Interpret UserComment character code

drewnoakes / metadata-extractor-dotnet

Extracts Exif, IPTC, XMP, ICC and other metadata from image, video and audio files

Other

939 stars 167 forks source link

Interpret UserComment character code #277

Closed patricksadowski closed 3 years ago

patricksadowski commented 3 years ago

Reads first 8 bytes for character encoding recognition to comply with EXIF standard.

It's not necessary to read 10 bytes at the beginning. Reading these two extra bytes could lead to missing bytes and the end. Switching the byte order for UNICODE to big-endian solves the issue with 8 and 10 bytes reads.
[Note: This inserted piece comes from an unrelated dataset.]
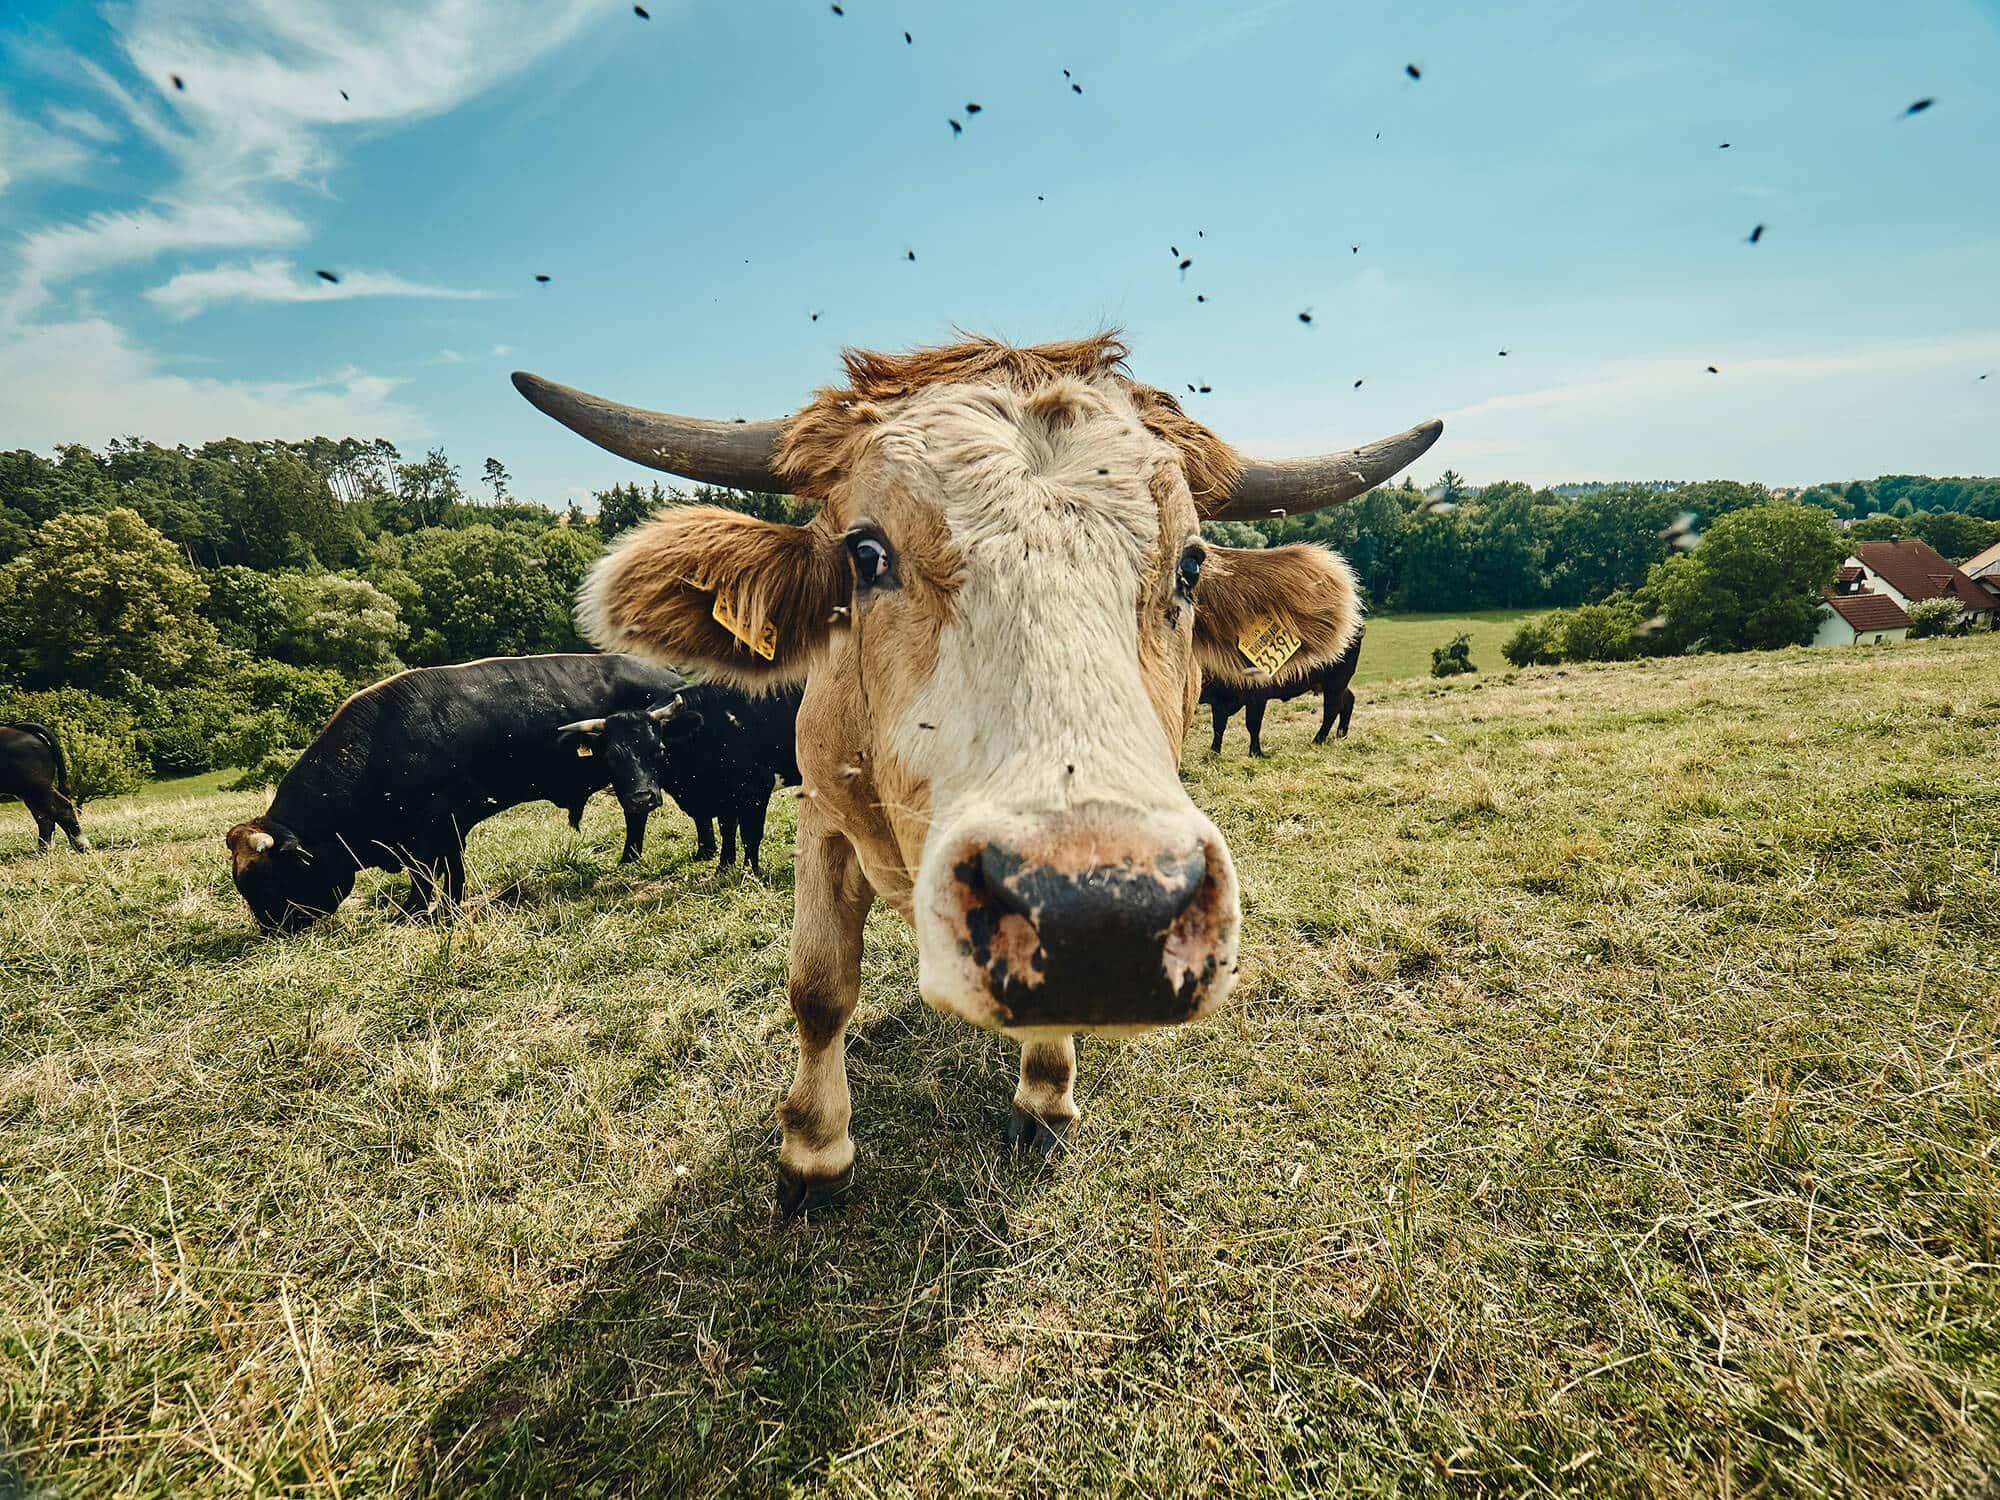 Rinder in Freilandhaltung – Bauernhof Fetz

Only for ASCII NULL termination is done, "since the type is not ASCII, NULL termination is not necessary".

Closes #173

patricksadowski commented 3 years ago

If a run MetadataExtractor.Tools.FileProcessor on metadata-extractor-images I get following changes:

jpg/metadata/dotnet/Issue 308.jpg.txt
@@ -34 +34 @@ TYPE: JPEG
-[Exif SubIFD - 0x9286] User Comment = ASCII
+[Exif SubIFD - 0x9286] User Comment =
b/jpg/metadata/dotnet/Samsung SM-C101 (Galaxy S4 Zoom).jpg.txt
@@ -71 +71 @@ TYPE: JPEG
-[GPS - 0x001b] GPS Processing Method = ASCII
+[GPS - 0x001b] GPS Processing Method =

and the sample image of #173 works too.

drewnoakes commented 3 years ago

Thanks, this looks great. I'll add the image from 173 to the library too, as it's a more interesting example than the ones in the diff above.
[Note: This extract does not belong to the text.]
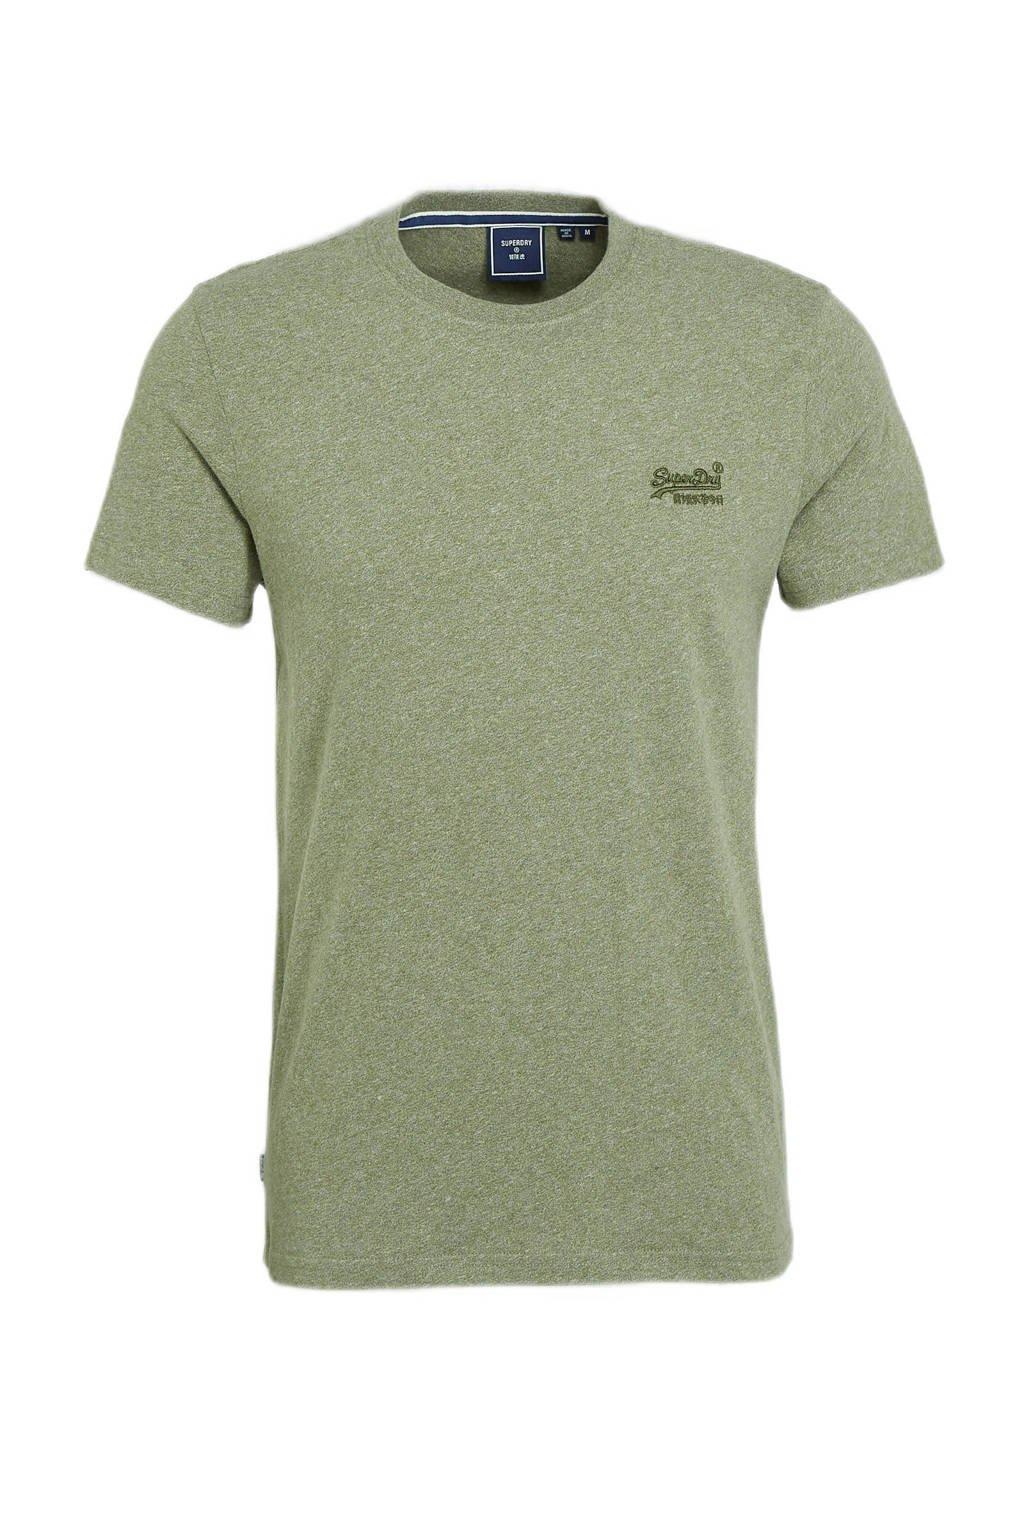 Superdry T-shirt olijfgroen, Olijfgroen

Seems tests are failing. I don't think they're all related to this PR, so I'll fix those up after merging this.

drewnoakes commented 3 years ago

I patched up the unit tests.

With respect the UNICODE byte order (i.e. change to big-endian in this PR), it appears that the byte order of this UNICODE data is determined by the JPEG file's own byte order (i.e. II/MM). So this change isn't technically correct, but neither was the previous code.

patricksadowski commented 3 years ago

Seems tests are failing.

Sorry, I forgot the tests. Next time I start with the tests. Thanks for fixing.

So this change isn't technically correct

I'm aware of this. It's a lot closer to the specification than before (8 bytes vs. 10 bytes). The specification is not clear about the endianess. I can't find any hint. Maybe I find a solution.